Environment: Spark 2.4, H Base 1.2, Tableau 10, Power BI, Python 2.7 and 3.4, Scala, PySpark, HDFS, Flume 1.6, Hive, Zeppelin, PostgreSQL, MySQL, TFS, Linux, Spark SQL, Kafka, NIFI, Sqoop 1.46, AWS (S3)
Confidential, Blu Ash OH
Data Engineer
Responsibilities:
- Performed data ingestion from on-premises to AWS Redshift as a part of the data lake ingestion team.
- Tested, debugged, and deployed multiple scripts across multiple environments and handled data in different file formats like txt, xlsx, csv, and Parquet.
- Ingested data from various source systems like MySQL and Oracle to Redshift database and used Autosys to automate jobs.
- Debugged and modified ETL jobs in Talend for data ingestion into Redshift and used Git for maintaining/versioning the code.
- Worked across environments like MySQL, Oracle, AWS S3, Athena, EMR, EC2, Redshift, Talend studio, and Autosys.
- Created SQL scripts for the manual ingestion process to be used whenever the automation job fails or under maintenance.
- Developed Python scripts for data splitting thereby eliminating 50% of manual work in the ingestion process.
- Collaborated with a team of 4 to ingest more than 1500 files in a short period and given knowledge transfer sessions to multiple recruits in the offshore team even at non-working hours.
Environment: Big Data, JDBC, NoSQL, Spark, YARN, Hive, Pig, Scala, Nifi, IntelliJIdea, AWS EMR, Python, Hadoop, Redshift
Confidential
Hadoop Developer
Responsibilities:
- Worked with product owners, Designers, QA, and other engineers in Agile development environment to deliver timely solutions to as per customer requirements.
- Transferring data from different data sources into HDFS systems using Kafka producers, consumers, and Kafka brokers.
- Used Oozie for automating the end-to-end data pipelines and Oozie coordinators for scheduling the workflows.

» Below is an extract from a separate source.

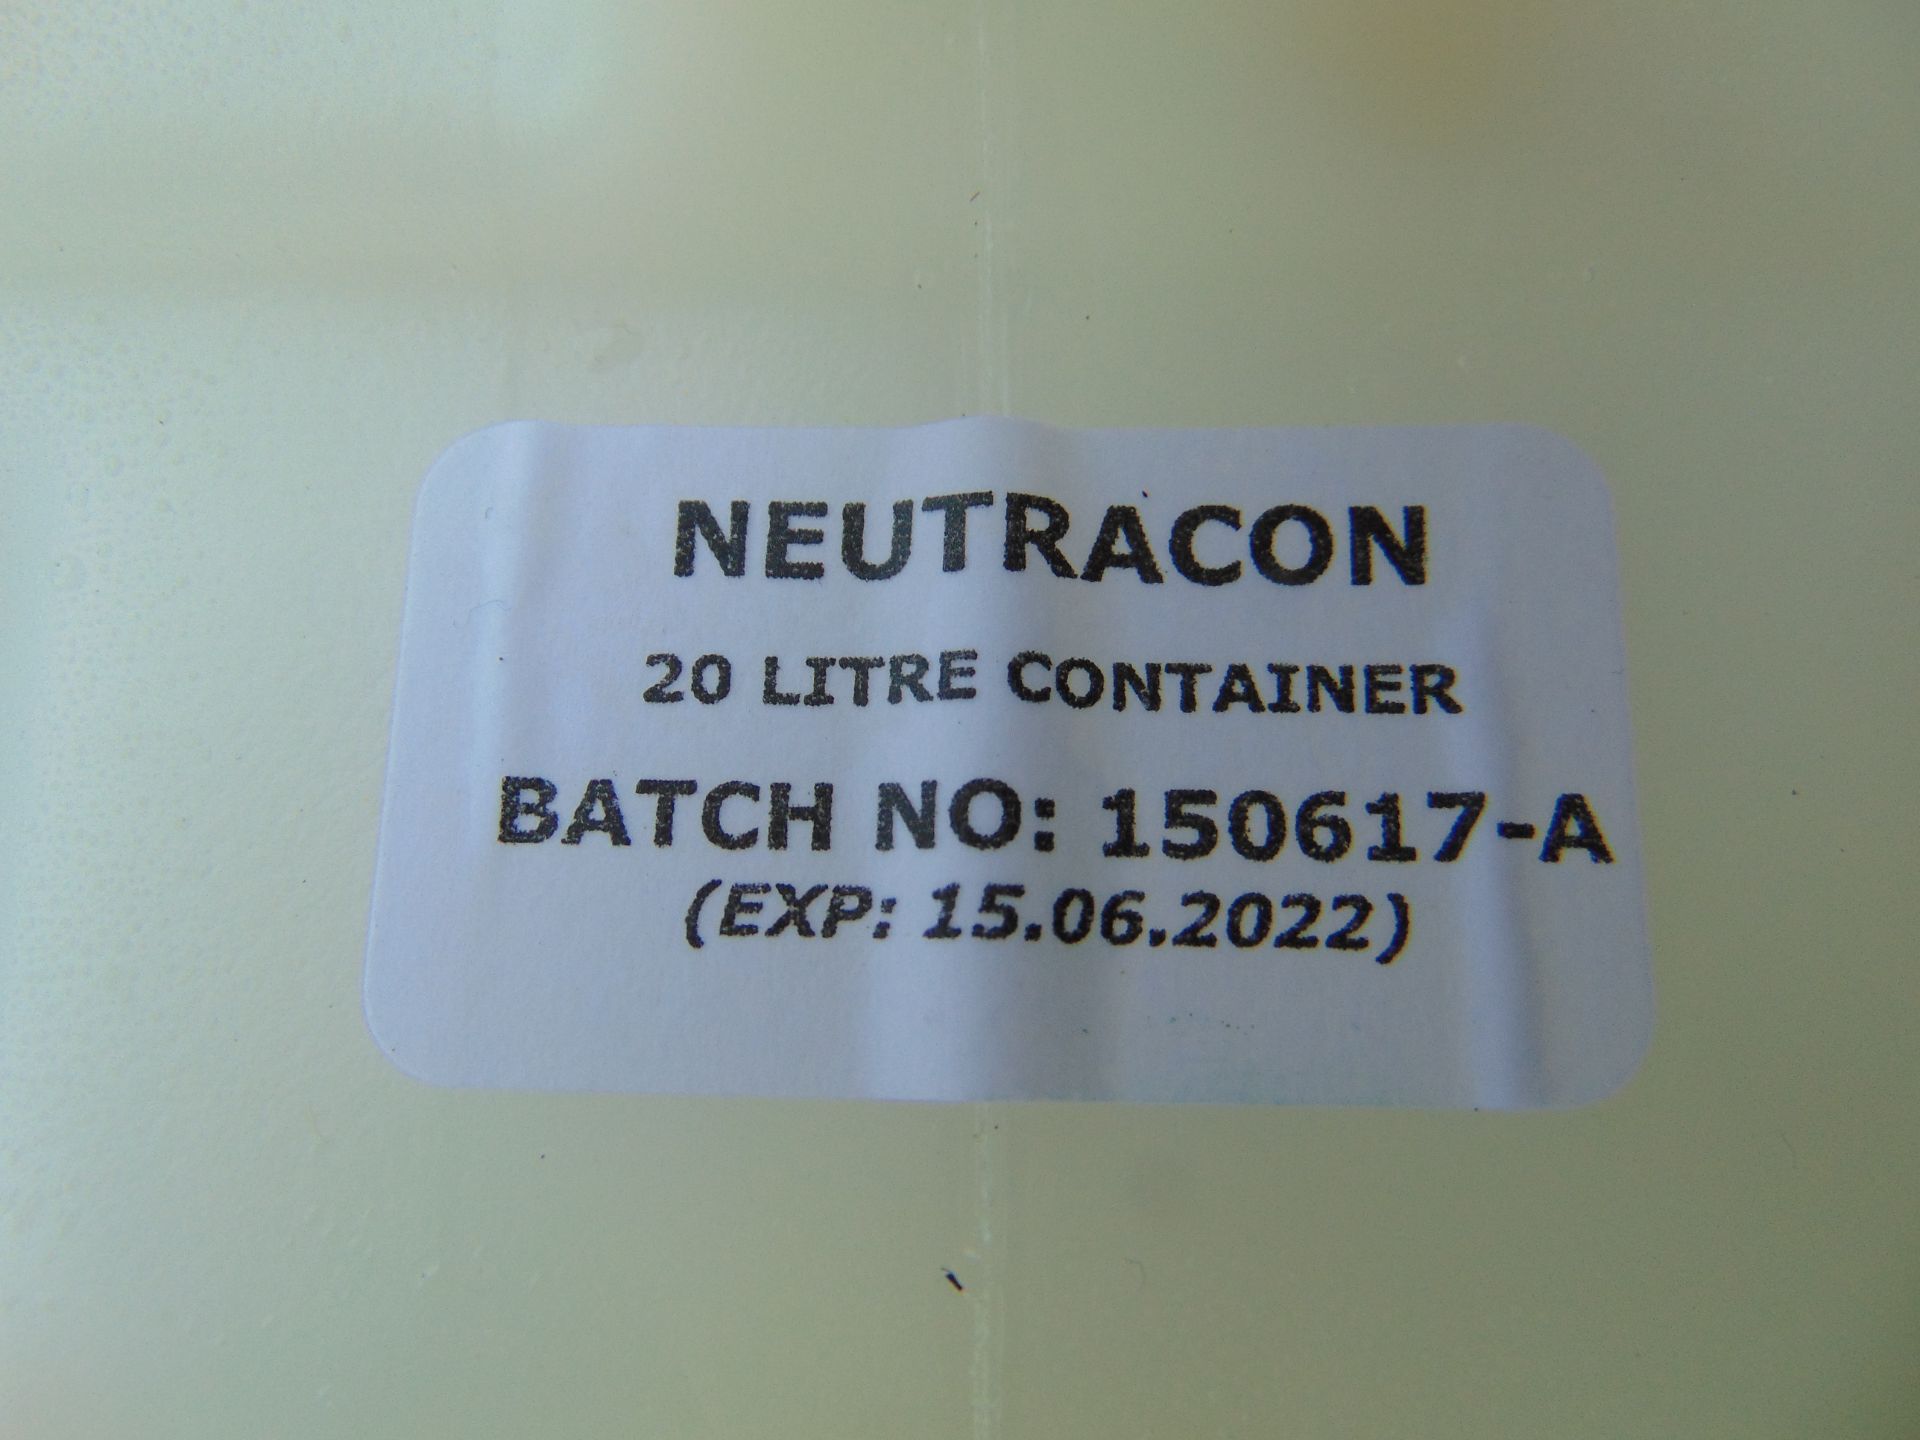 12 x 20 Litre Drums of Decon Neutracon - Image 4 of 4

- Involved in creating Hive tables, loading data, and writing hive queries, views and worked on them using Hive QL.
- Applied Hive queries to perform data analysis on HBase using the serde tables in meeting the data requirements for the downstream applications.
- Designed end to end ETL flow for one of the feeds having millions of records inflows daily. Used apache tools/frameworks Hive, Pig, Sqoop and HBase for the entire ETL workflow.Load and transform large sets of structured, semi structured that includes Avro, sequence files.
- Worked on migration of all existed jobs to Spark, to get performance and decrease time of execution.
- Implemented usage of Amazon EMR for processing Big Data across aHadoop Cluster of virtual servers on Amazon Elastic Compute Cloud (EC2) and Amazon Simple Storage Service (S3).
- Using Hive join queries to join multiple tables of a source system and load them to Elastic search tables.
- Responsible for developing data pipeline with Amazon AWS to extract the data from weblogs and store in Amazon EMR.
- Experience with different data formats like Json, Avro, parquet, ORC formats and compressions like snappy & bzip.
- Coordinated with the testing team for bug fixes and created documentation for recorded data, agent usage and release cycle notes.
Environment: HDFS, Python, Oozie, Hive, HBase, Impala, Spark, AWS.